Regenxbio announced that the U.S. Food and Drug Administration (FDA) has granted Fast Track designation for RGX-121. RGX-121 is a novel, one-time investigational treatment for Mucopolysaccharidosis Type II (MPS II), also known as Hunter syndrome, that is designed to deliver the human iduronate 2-sulfatase (I2S) gene directly to the central nervous system (CNS) using the NAV AAV9 vector.
The FDA Fast Track program is designed to facilitate the development and expedite the review of new drugs that are intended to treat serious or life-threatening conditions and that demonstrate the potential to address unmet medical needs. Fast Track-designated drugs often qualify for priority review, thereby expediting the FDA review process.
"Children living with MPS II have limited treatment options, making this Fast Track designation tremendously important," said Kenneth T. Mills, President and Chief Executive Officer of REGENXBIO. "We are honored to support the MPS community and committed to offering innovative solutions to people with MPS II and their families.

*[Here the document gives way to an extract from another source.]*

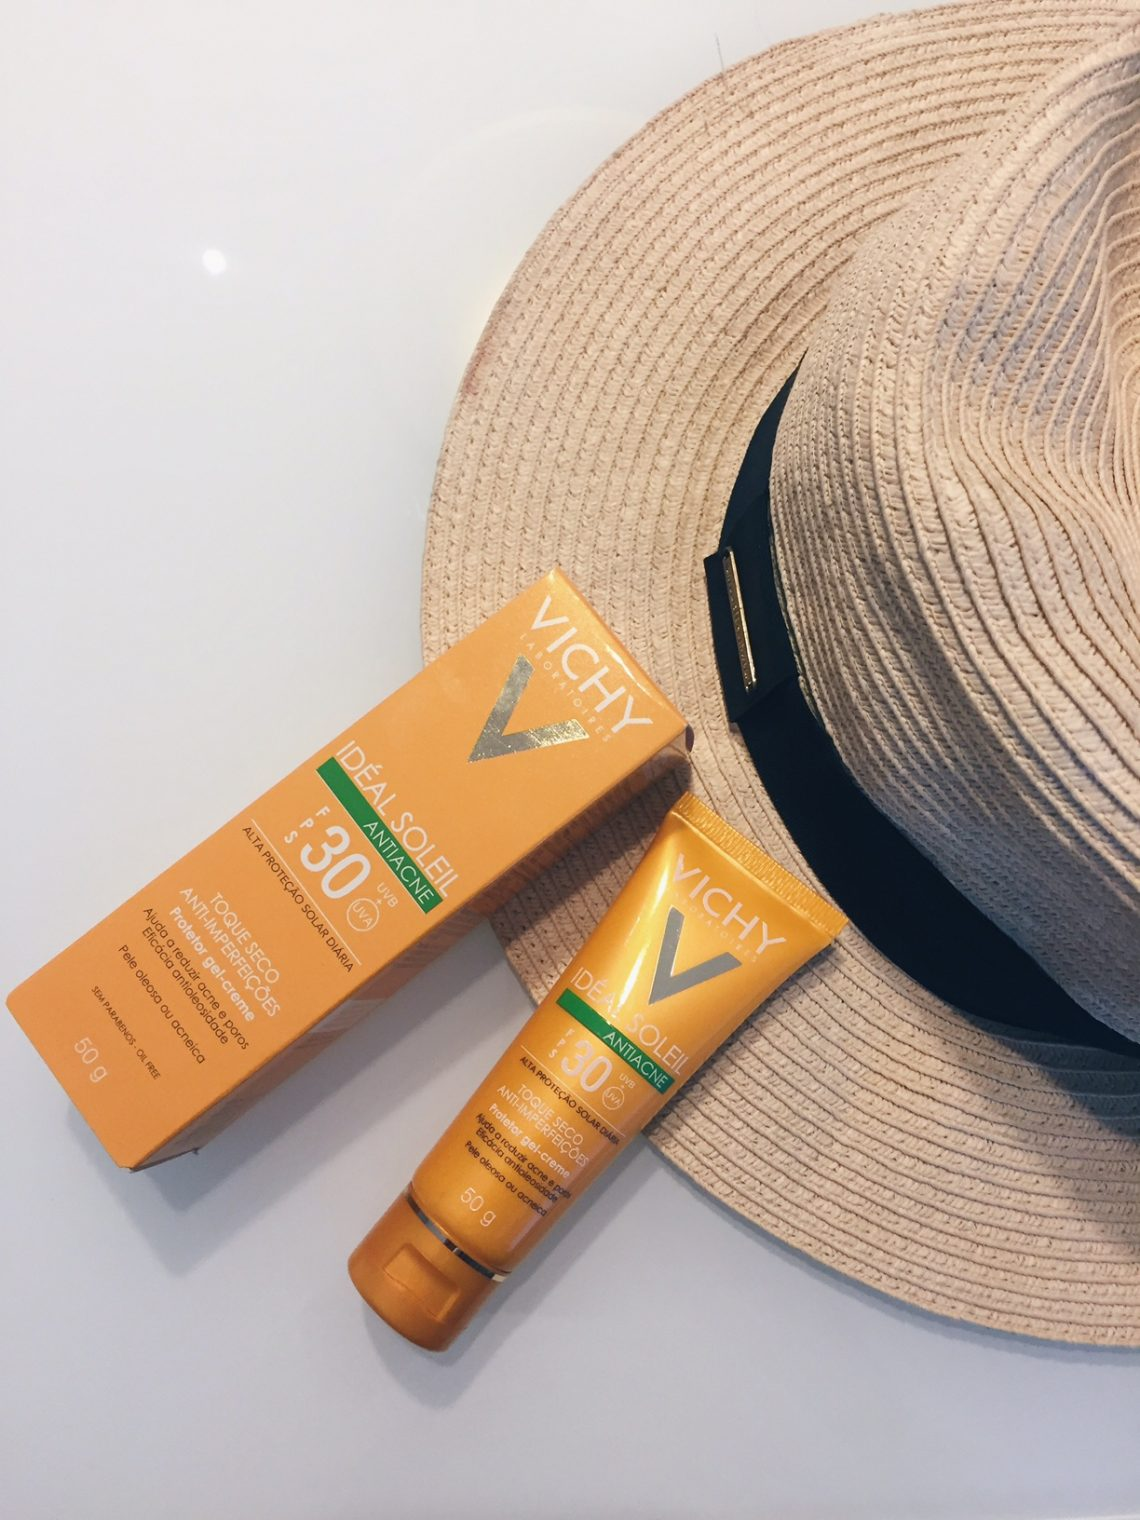 Protetor solar antiacne Vichy Idéal Soleil Antiacne

We look forward to working closely with the FDA to facilitate the development of RGX-121 and will begin the Phase I/II trial in the coming months."

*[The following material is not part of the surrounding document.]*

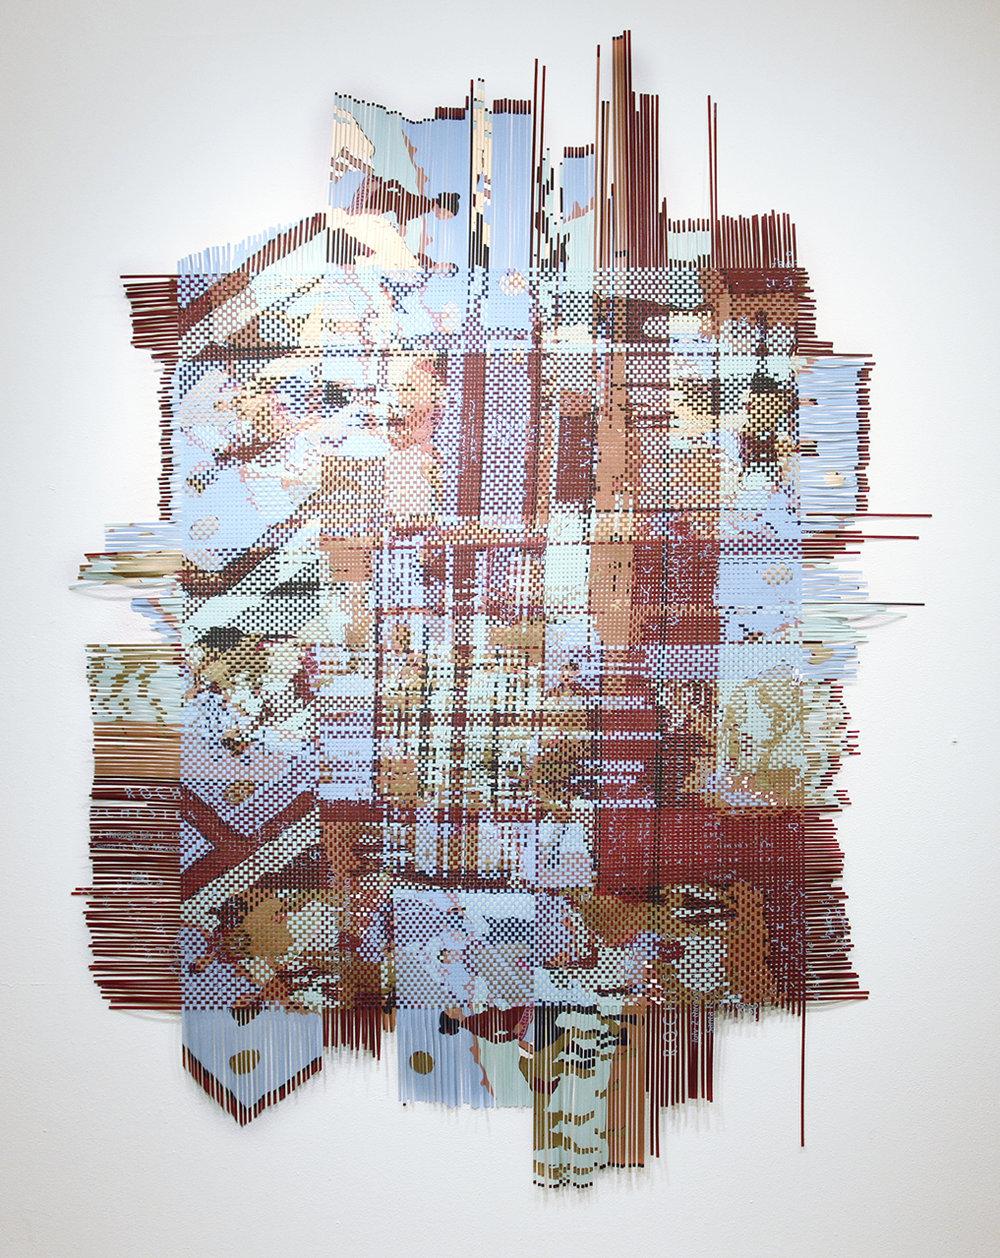 Santa Fe, 2012, woven silkscreen art posters, 108 x 81

"My family has seen firsthand the unmet needs of children with MPS II," said Jeanette Henriquez, who founded the Hunter Syndrome Foundation after her son Dominic was diagnosed with MPS II in 2011. "As we prepare to recognize International MPS Awareness Day on May 15, we are encouraged to see recognition from the FDA on important research exploring new treatment options for children with MPS II."
Leading international gene therapy and lysosomal storage disease centers will participate in the Phase I/II clinical trial for RGX-121 for the treatment of MPS II.